Activation of Stress-Activated Protein Kinases Correlates with Neurite Outgrowth Induced by Protease Inhibition in PC12 Cells


  • Benoit I Giasson,

  • Wendy Bruening,

  • Heather D Durham,

  • Walter E Mushynski

  • The present address of Dr. B. I. Giasson is University of Pennsylvania School of Medicine, Philadelphia, PA 19104, U.S.A.

  • The present address of Dr. W. Bruening is Fox Chase Cancer Center, Philadelphia, PA 19111, U.S.A.

  • Abbreviations used : CI, N-acetyl-Leu-Leu-norleucinal ; ERK, extracellular signal-regulated kinase ; GST, glutathione S-transferase ; HSP, heat shock protein ; MAPK, mitogen-activated protein kinase ; MAP-KAPK-2/3, mitogen-activated protein kinase-activated protein kinase-2/3 ; MEK, mitogen-activated protein kinase/extracellular signal-regulated kinase kinase ; MG132, carbobenzoxy-Leu-Leu-leucinal ; NGF, nerve growth factor ; PAGE, polyacrylamide gel electrophoresis ; PI-3-kinase, phosphatidylinositol 3-kinase ; PSI, inhibitor of proteasomal chymotrypsin-like activity [carbobenzoxy-Ile-Glu-(O-tert-butyl)-Ala-Leu-aldehyde] ; RK, reactivating kinase ; SAPK, stress-activated protein kinase ; SDS, sodium dodecyl sulfate.

Address correspondence and reprint requests to Dr.
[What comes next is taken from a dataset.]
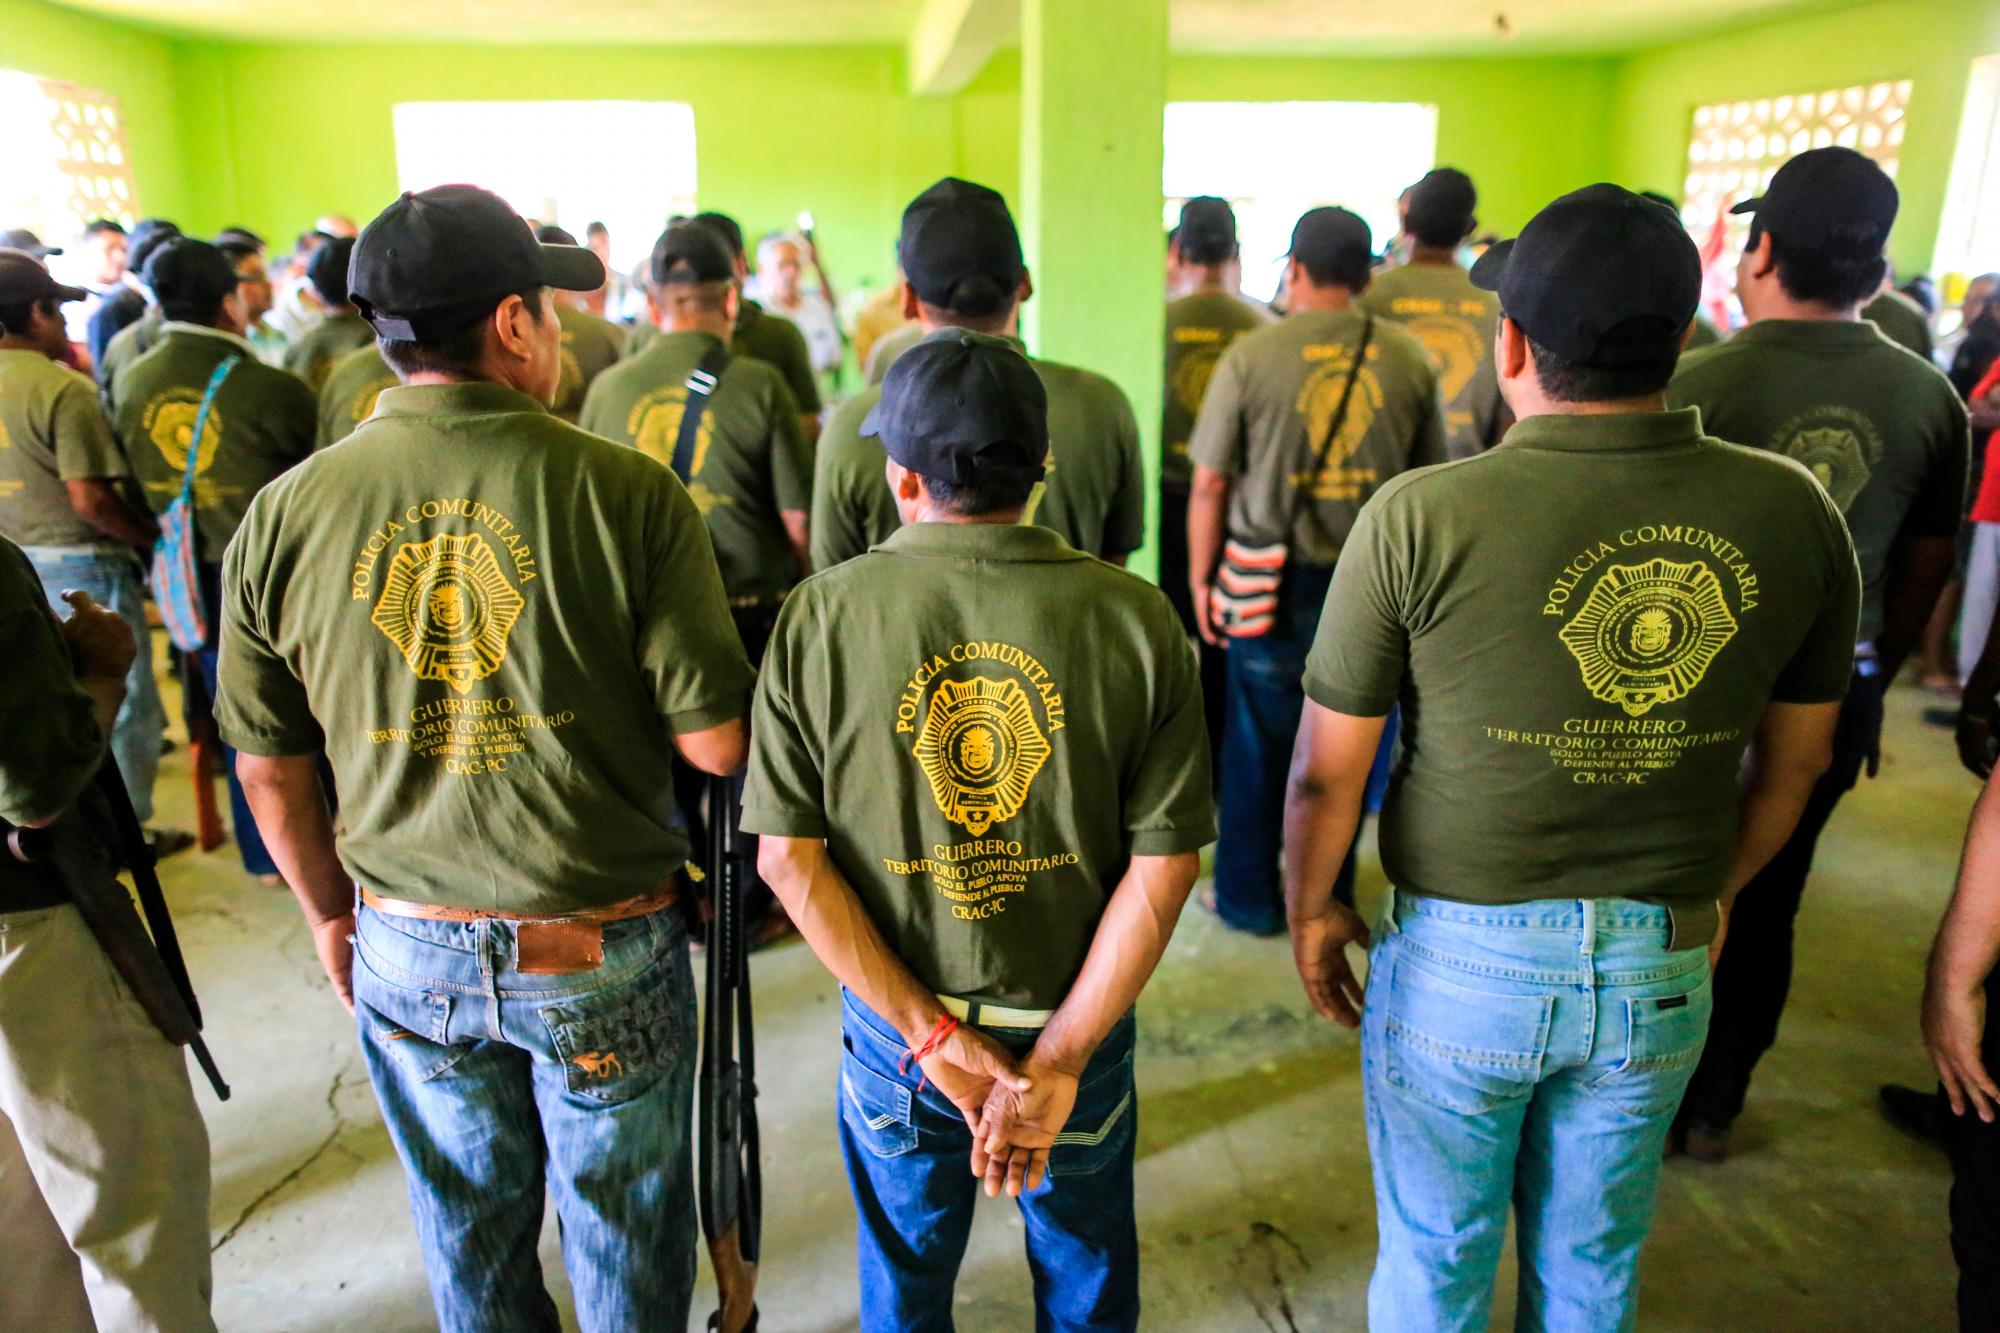  Integrantes de la Policía Comunitaria de la Coordinadora Regional de Autoridades Comunitarias (CRAC) conmemoraron hoy el primer aniversario luctuoso de cinco de sus integrantes  asesinados, junto a otras seis personas en 2018, en el poblado de La Concepción, en la zona rural de Acapulco, en el sureño estado de Guerrero.

W. E. Mushynski at Department of Biochemistry, McGill University, 3655 Drummond Street, Room 914, Montreal, Quebec, H3G 1Y6, Canada.
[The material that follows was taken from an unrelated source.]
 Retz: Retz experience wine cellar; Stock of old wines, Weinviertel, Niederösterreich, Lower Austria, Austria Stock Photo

Abstract : PC12 cells are well characterized for their ability to differentiate into neuronal-like cells when challenged with nerve growth factor. It has been reported that the calpain and proteasome inhibitor N-acetyl-Leu-Leu-norleucinal (CI) is also able to induce neurite outgrowth in PC12 cells. In this study, we report that the inhibitor of proteasomal chymotrypsin-like activity, carbobenzoxy-Ile-Glu-(O-tert-butyl)-Ala-Leu-aldehyde (PSI), can also induce differentiation of PC12 cells. Induction of neurite outgrowth with PSI, CI, or its close analogue, carbobenzoxy-Leu-Leu-leucinal (MG132), was associated with stress-activated protein kinase (SAPK) activation. Neurite formation induced by protease inhibition was independent of mitogen-activated protein kinase/extracellular signal-regulated kinase, p38/reactivating kinase, or phosphatidylinositol 3-kinase activities. The exact mechanism by which protease inhibition activates SAPKs remains to be elucidated ; however, our results suggest that the SAPK signal transduction cascade may be an alternative and/or parallel pathway in the regulation of neuronal differentiation.